Grief

12/21/22

It’s a balancing act. If I avoid my feelings, they build up like a kind of poison, invading my chest until everything hurts. Until even speaking feels impossible, the timer officially out on holding back sobs. But if I live in the pain, if I fully acknowledge it, if I allow it to take over, how can I possibly stay alive?

Since you died, I haven’t given into my vices. I cut myself only once, have managed to not restrict my food, haven’t touched alcohol, drugs, or engaged in reckless sex. I’ve been good. There were the midnight runs, 6 miles worth of fate tempting footprints, but they stopped in October, living dangerously no longer as seductive as before.

If there’s one thing I won’t do in these letters, it’s lie. Half a year later, I still want to die. How could I not? I relied on you for everything. 29 years of being tied at the hip. In some ways, I’m a toddler again, learning how to walk.

Writing is cathartic, but it’s also not. How could simply articulating my feelings make me feel better?

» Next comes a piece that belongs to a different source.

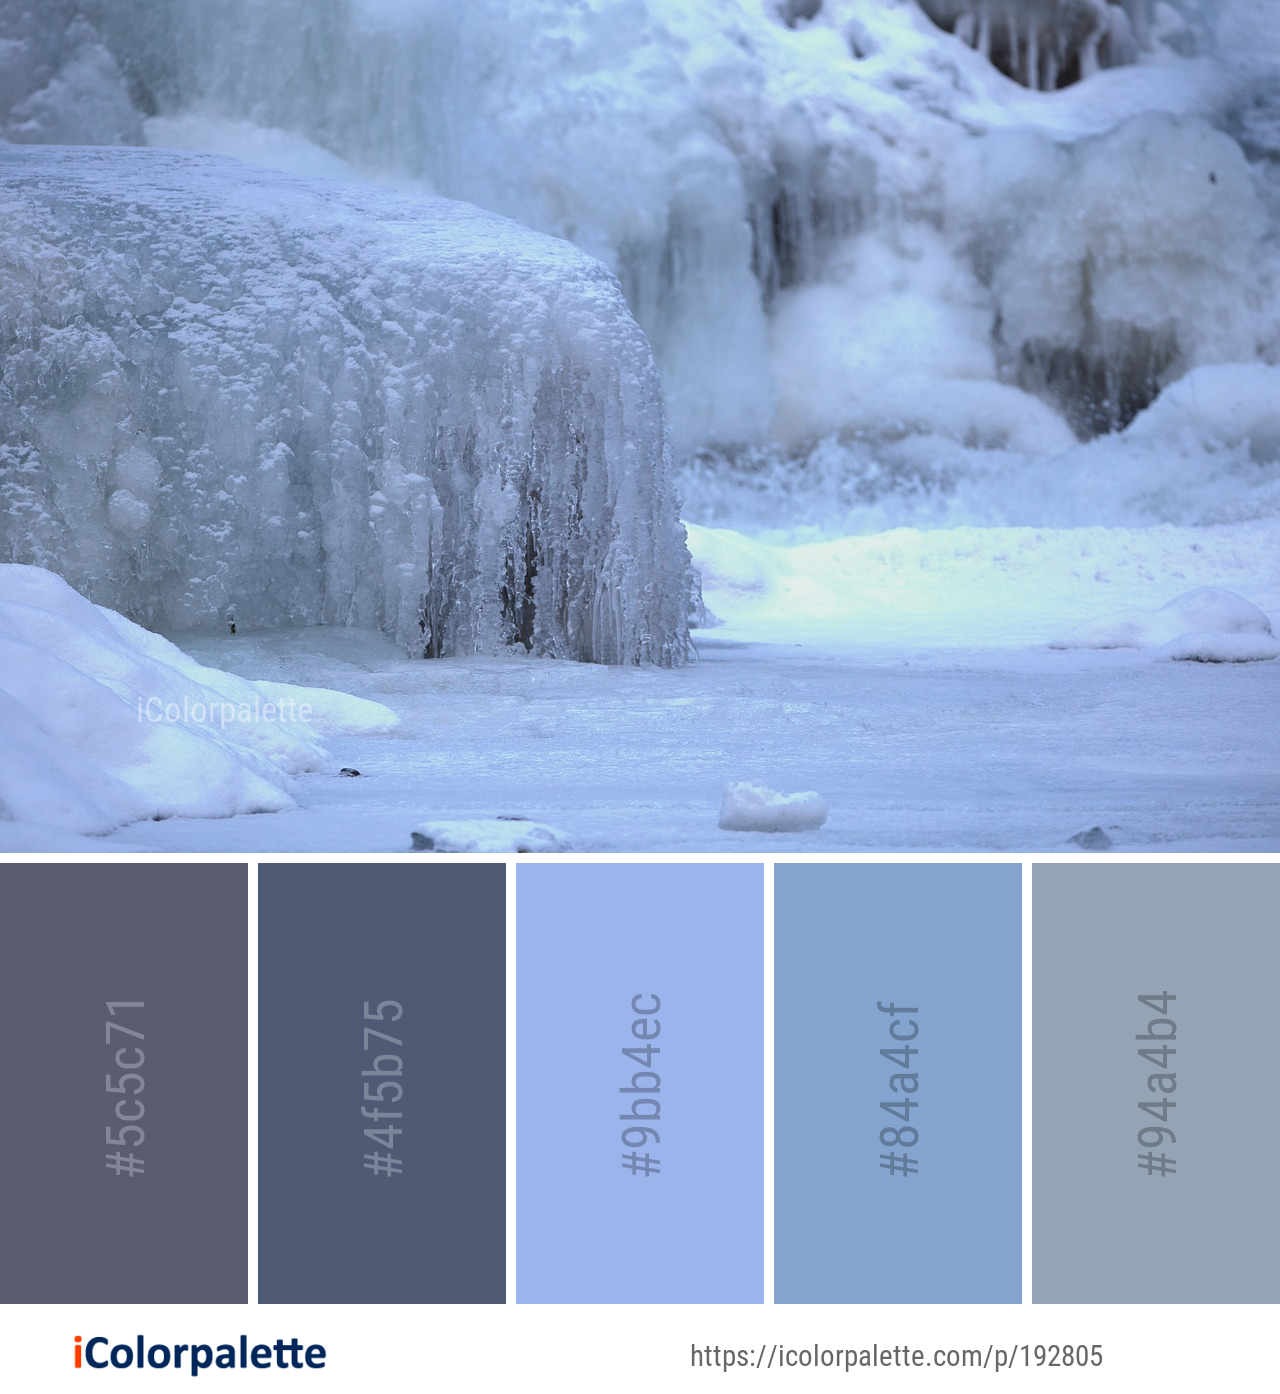 192805_water_snow_freezing_icolorpalette

I try not to wallow. I enjoy my life, am aware of how valuable it is. Life. The very thing that was stripped from you.

There’s Christmas music playing. Do I let myself enjoy it, or do I make space for the sadness that permeates, Christmas a holiday that was synonymous with your generosity, a holiday you will forever be absent from.

Last Christmas you got Dad shoes that were essentially stuffed pandas, and we laughed as he walked around the house, taking pictures of your serious, brilliant Beary wearing what were basically teddy bears. I’d developed an enormous crush on Julianna Margulies after watching Season 2 of The Morning Show, and you hunted far and wide to find an exact replica of the cartilage hoop she wore all season, leaving it on the sofa for me to discover come Christmas morning. I was 28, Lucas 23, but you still went through the trouble of playing Santa, picking presents that were perfect for whoever we decided to be that year. You got gifts for everyone who came into our orbit, packing them so thoughtfully, everything you did a work of art.

How could anyone ever fill your shoes? How could life steal the most crucial piece of our puzzle? Your beauty is unparalleled, your heart like no other, your emotional intelligence something I both relied on and took for granted.

It’s unbearably lonely here without you. I still can’t respond when people ask “How are you?”, perpetually resentful of the question.

How can I be anything when you stopped breathing long ago?